### YOUR GOAL
Give back the exact lines of the material below from the one containing "Cabrestantes industriales baratos" through the one containing "South Platte Ranger District Buckle", and no pictures.

### DATA FOR THIS TASK

·····

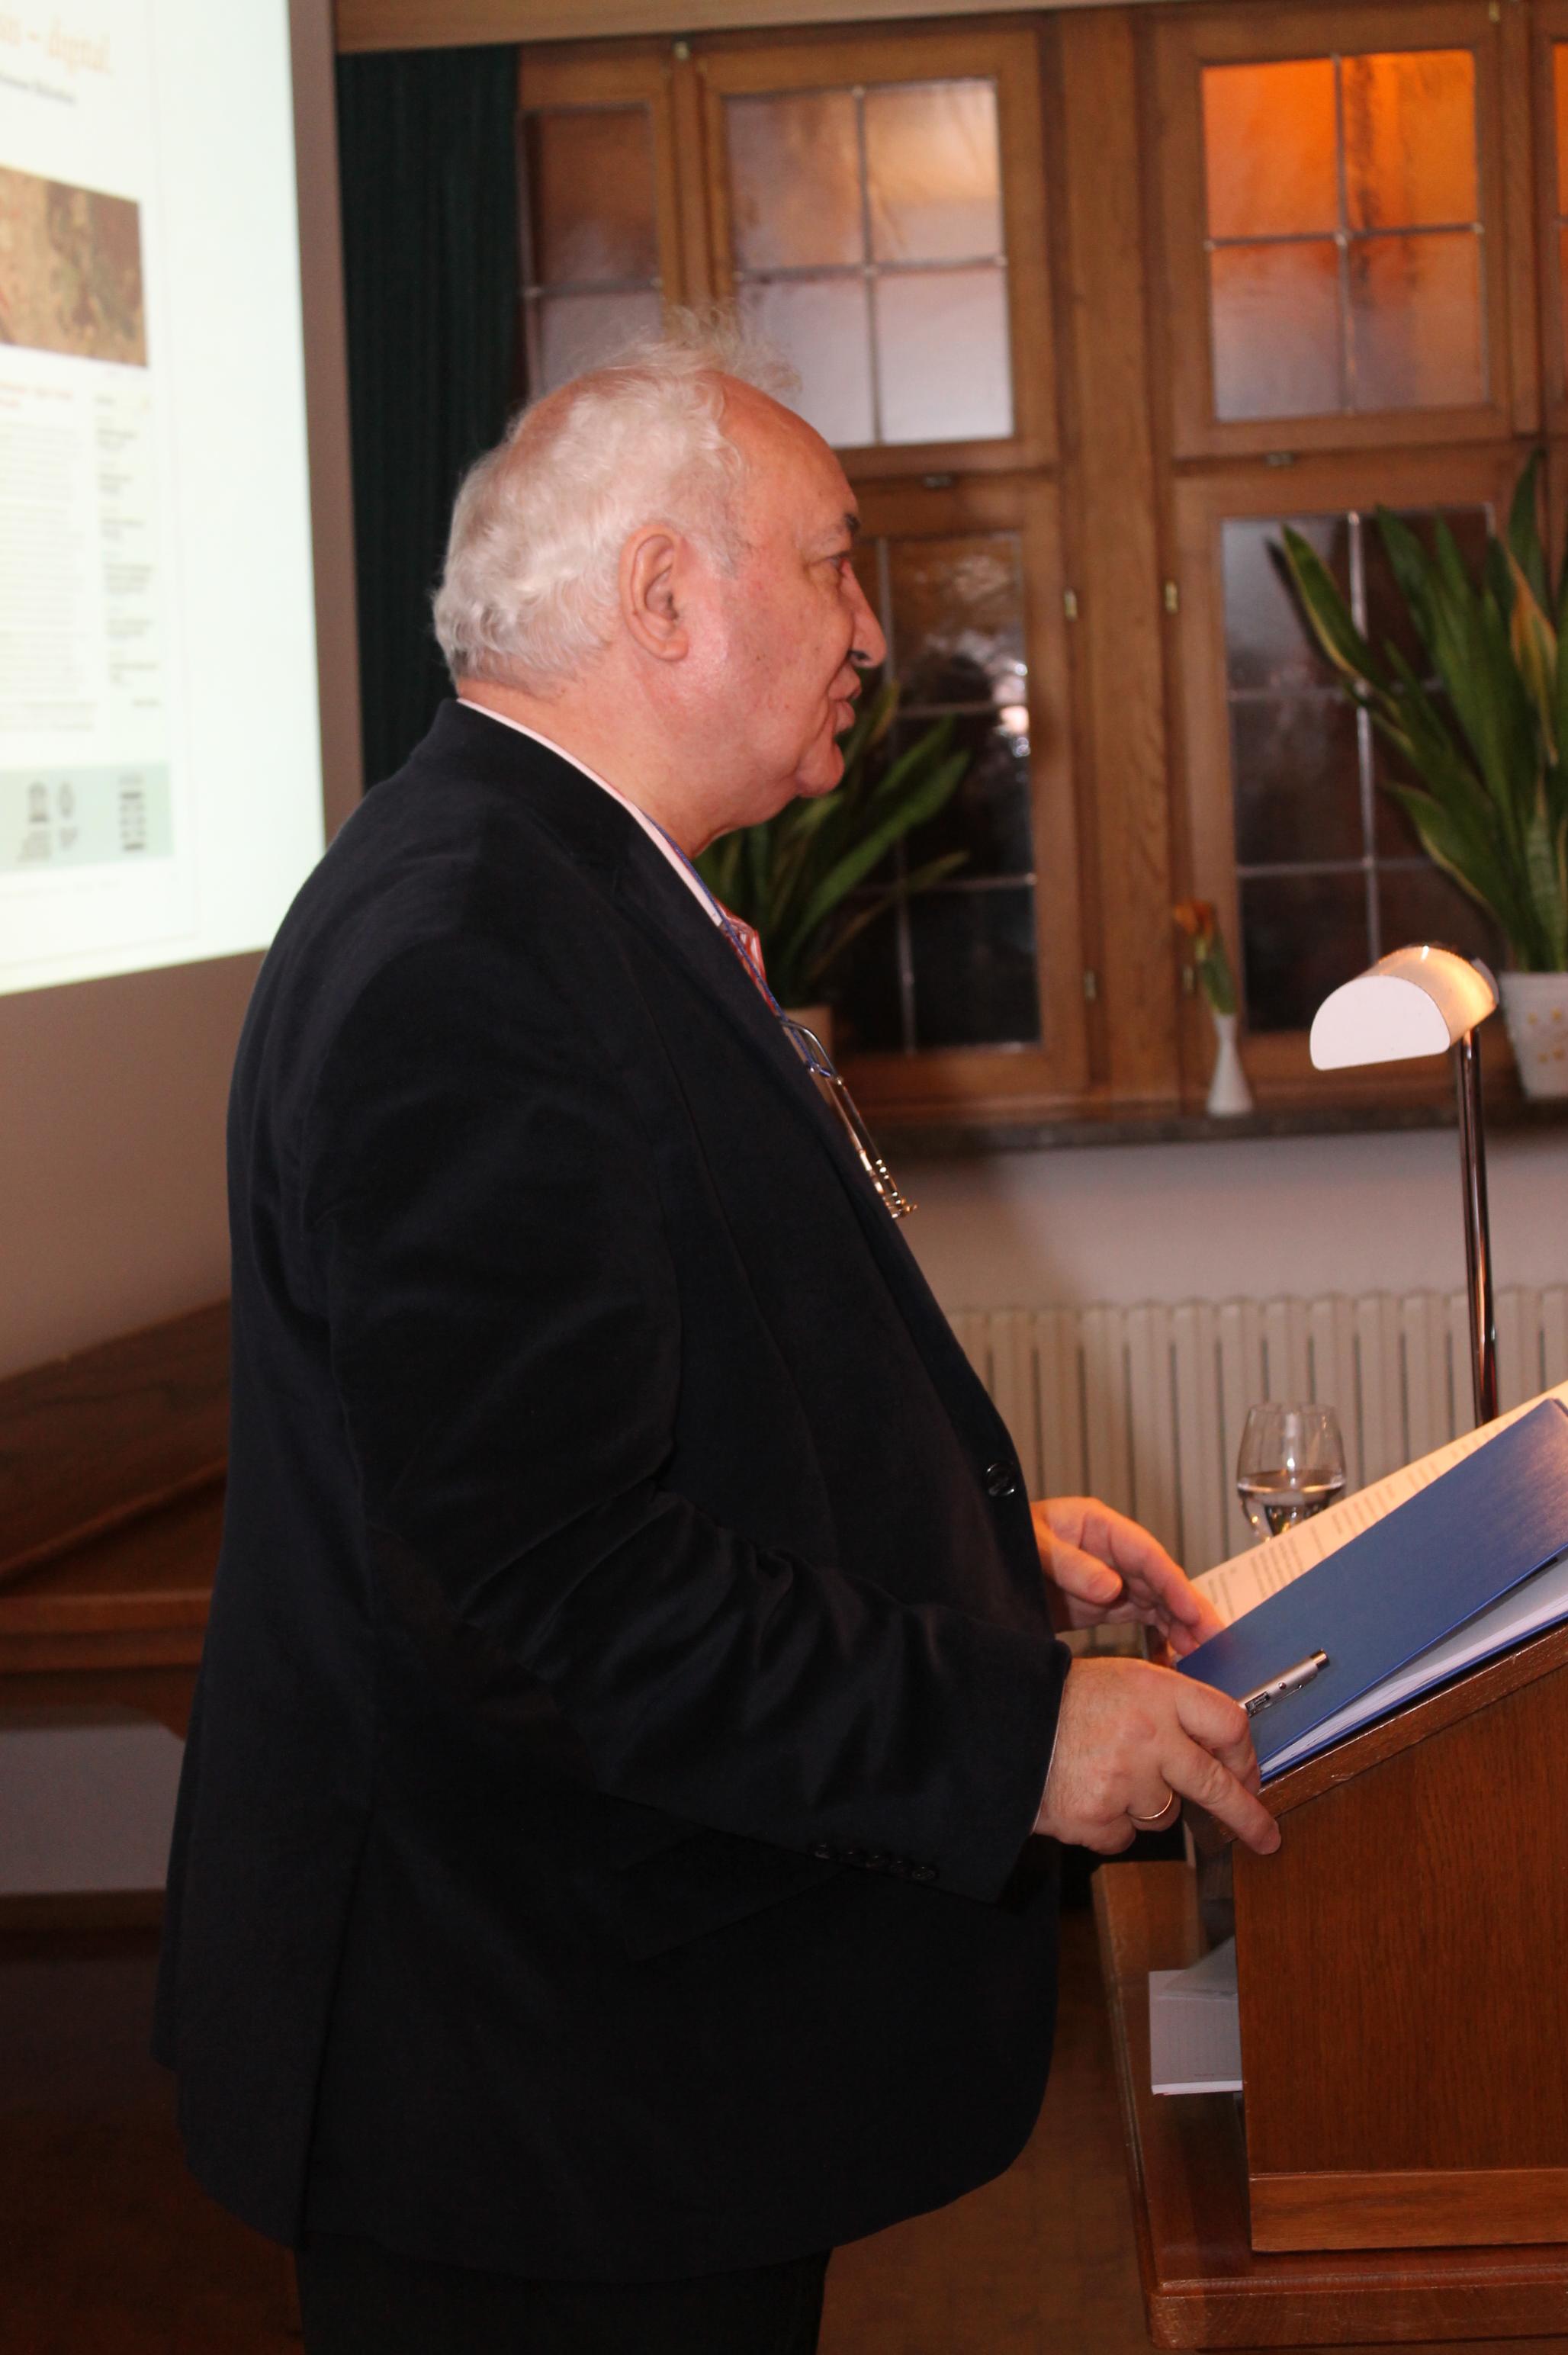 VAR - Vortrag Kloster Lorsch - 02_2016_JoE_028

·····

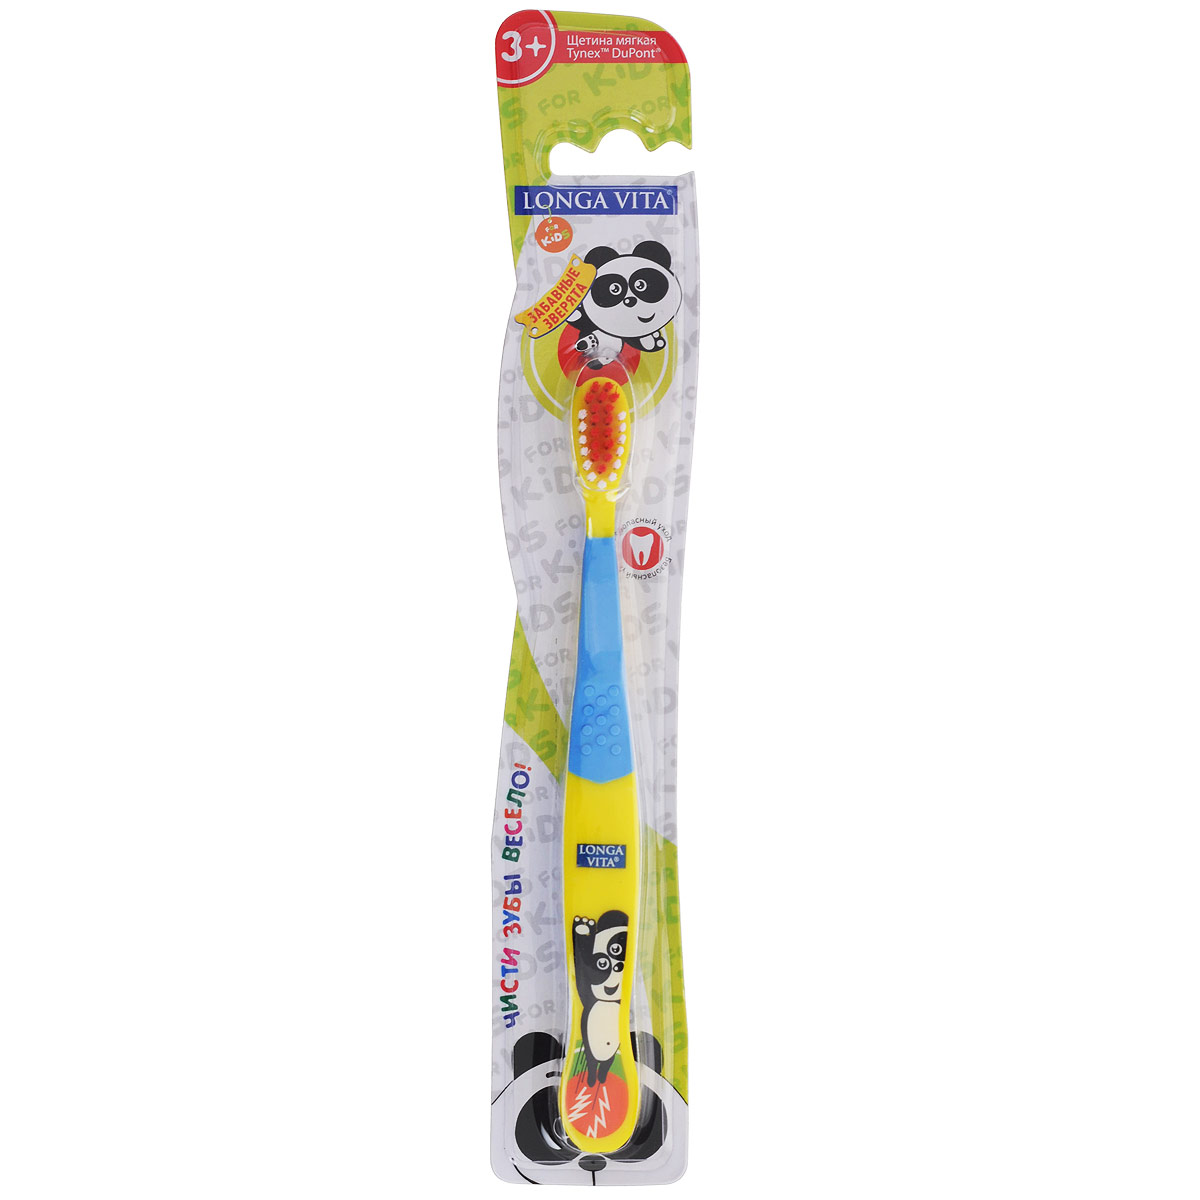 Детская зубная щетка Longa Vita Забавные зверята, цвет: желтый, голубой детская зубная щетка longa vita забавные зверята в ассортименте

·····

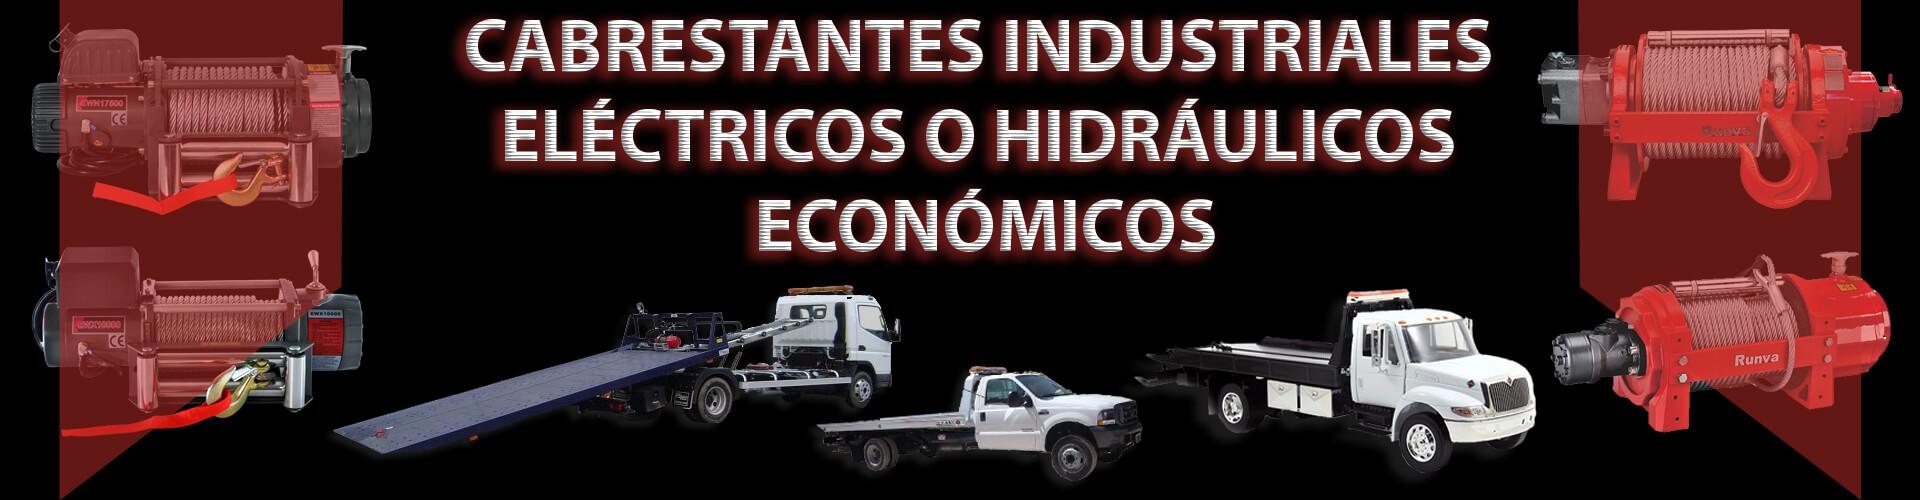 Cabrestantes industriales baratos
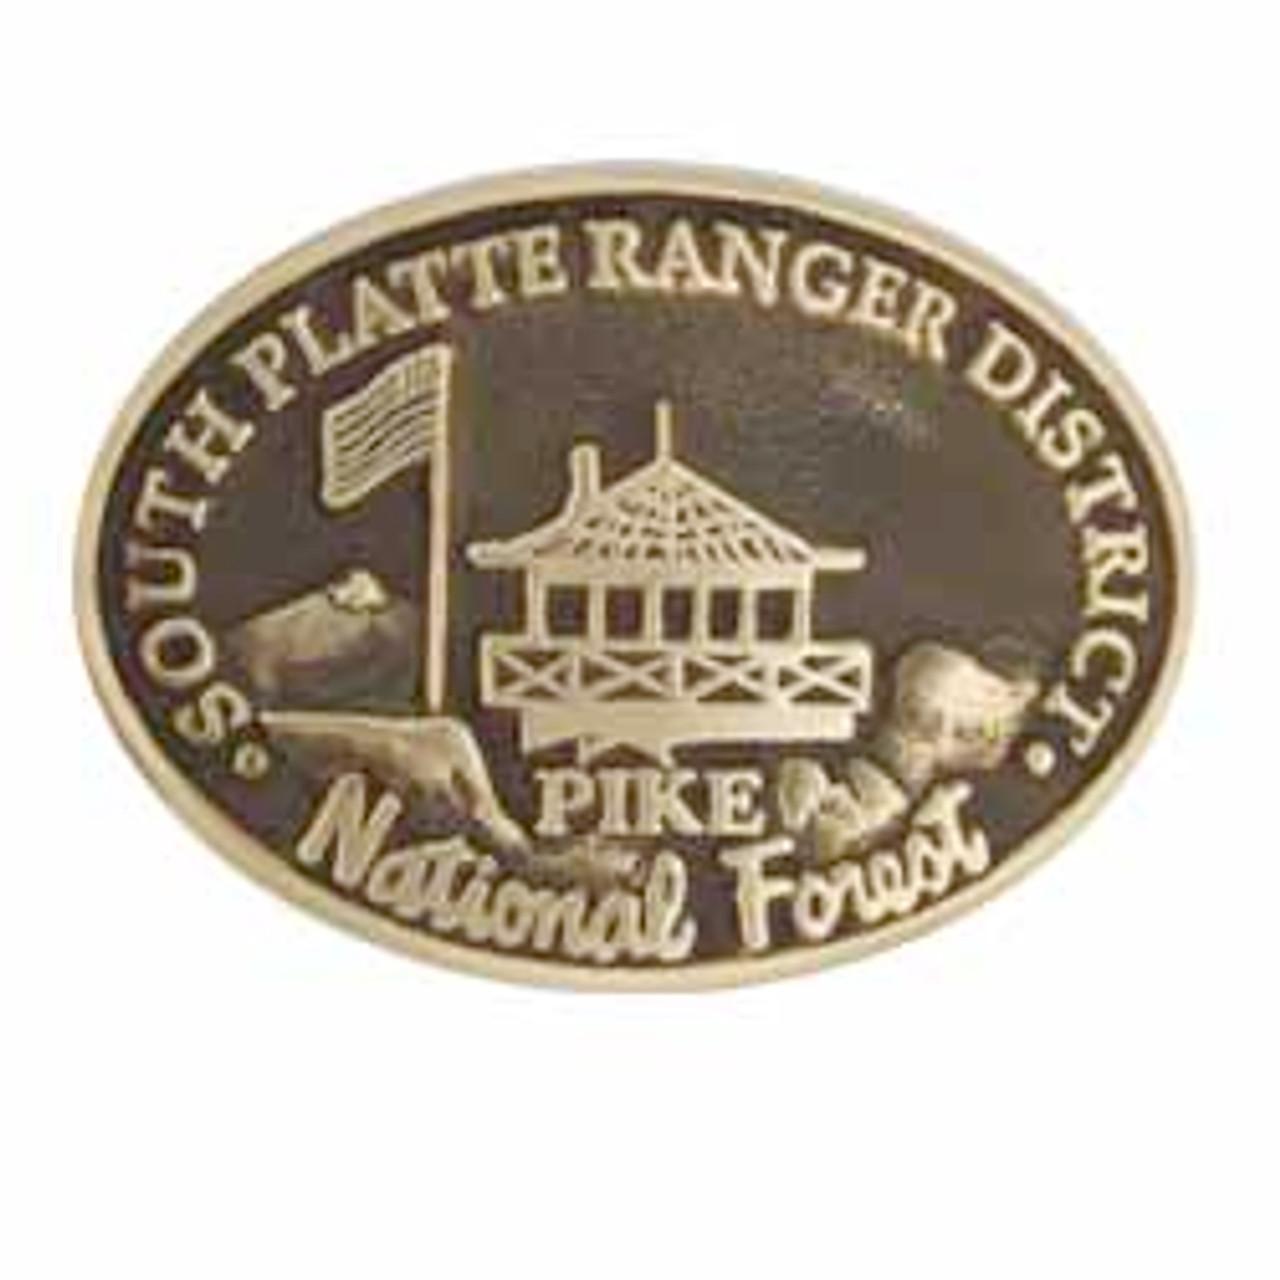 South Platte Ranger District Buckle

·····

### TASK RESPONSE
 Cabrestantes industriales baratos
 South Platte Ranger District Buckle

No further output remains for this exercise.